■ **Assigned task**
The whole listing is to be written out again exactly; the pictures are not.

--- Dataset section ---

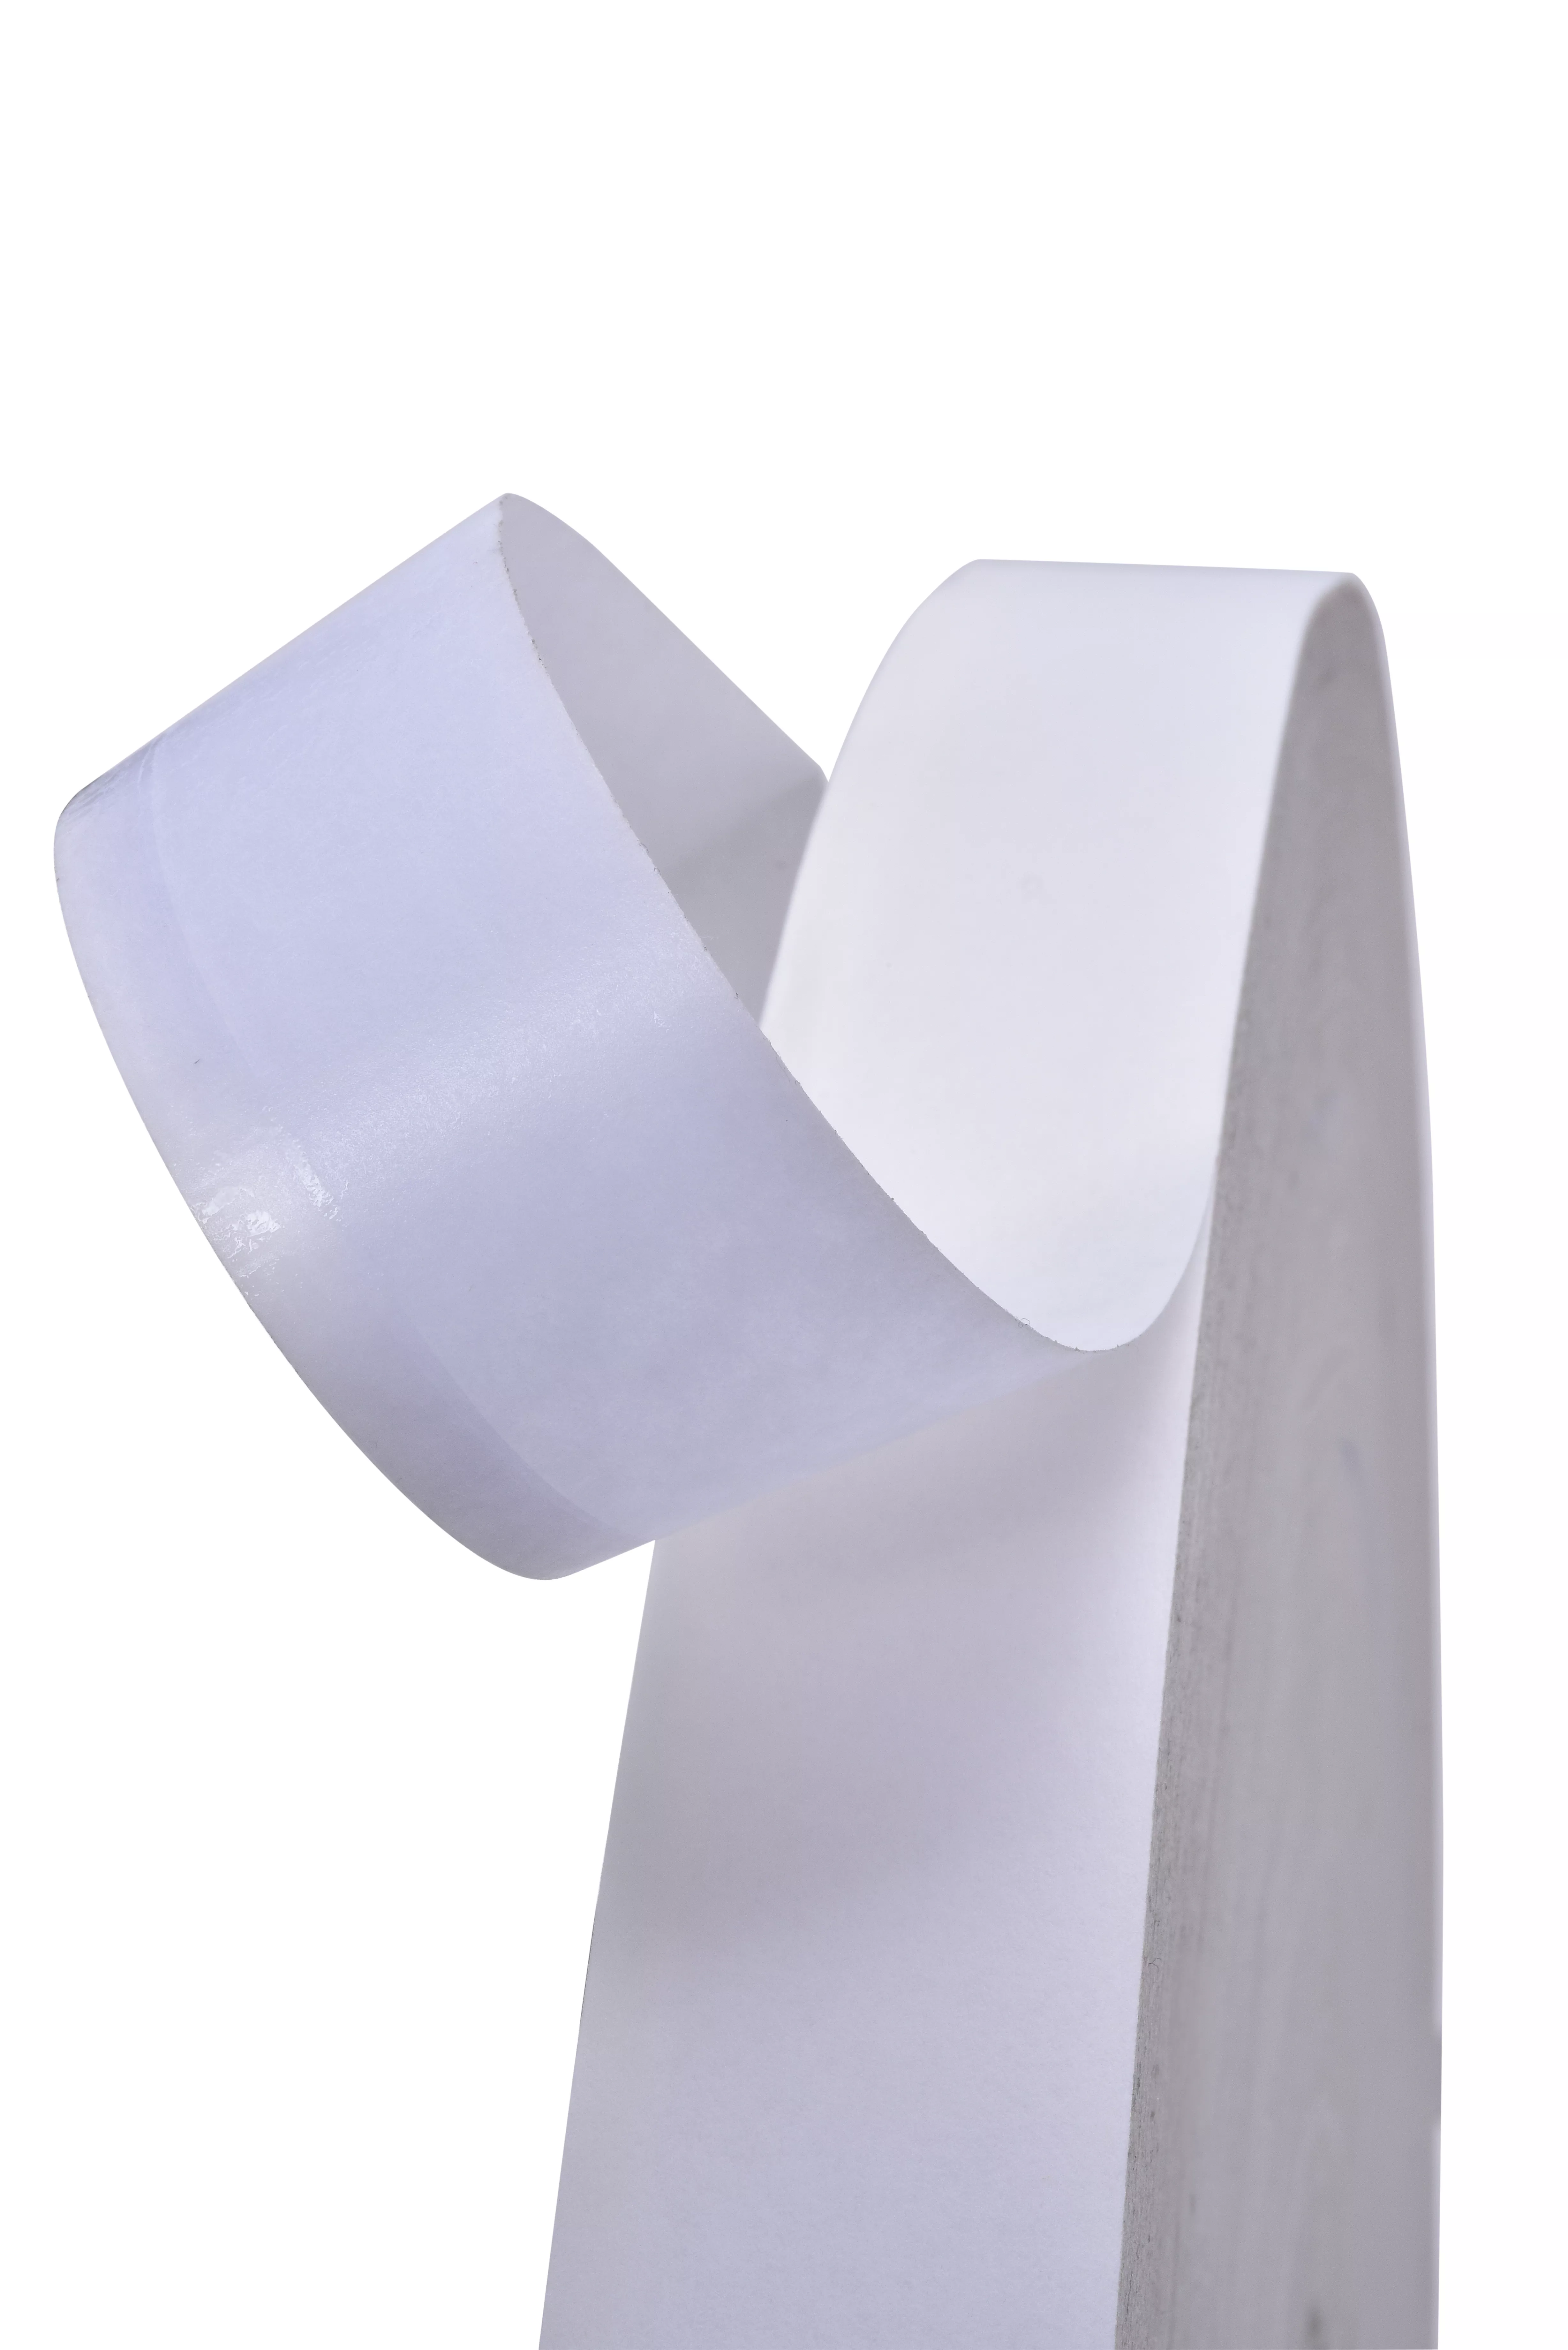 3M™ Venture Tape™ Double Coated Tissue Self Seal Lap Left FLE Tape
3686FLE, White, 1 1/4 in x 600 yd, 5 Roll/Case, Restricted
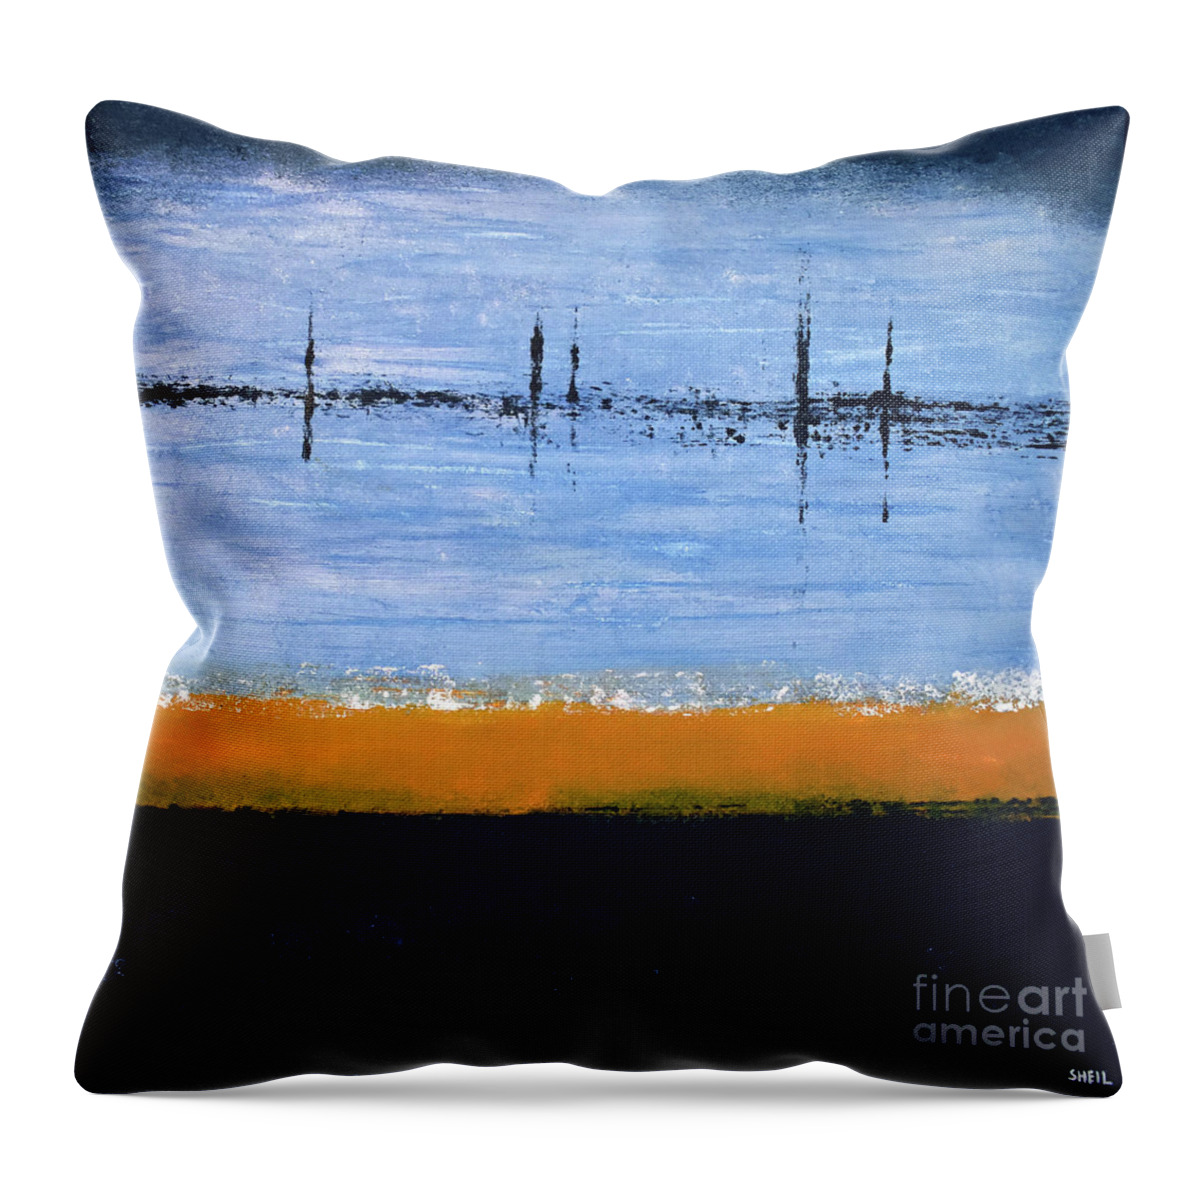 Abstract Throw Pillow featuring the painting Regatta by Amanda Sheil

---

■ **Output for this exercise**
 3M™ Venture Tape™ Double Coated Tissue Self Seal Lap Left FLE Tape
3686FLE, White, 1 1/4 in x 600 yd, 5 Roll/Case, Restricted
 Abstract Throw Pillow featuring the painting Regatta by Amanda Sheil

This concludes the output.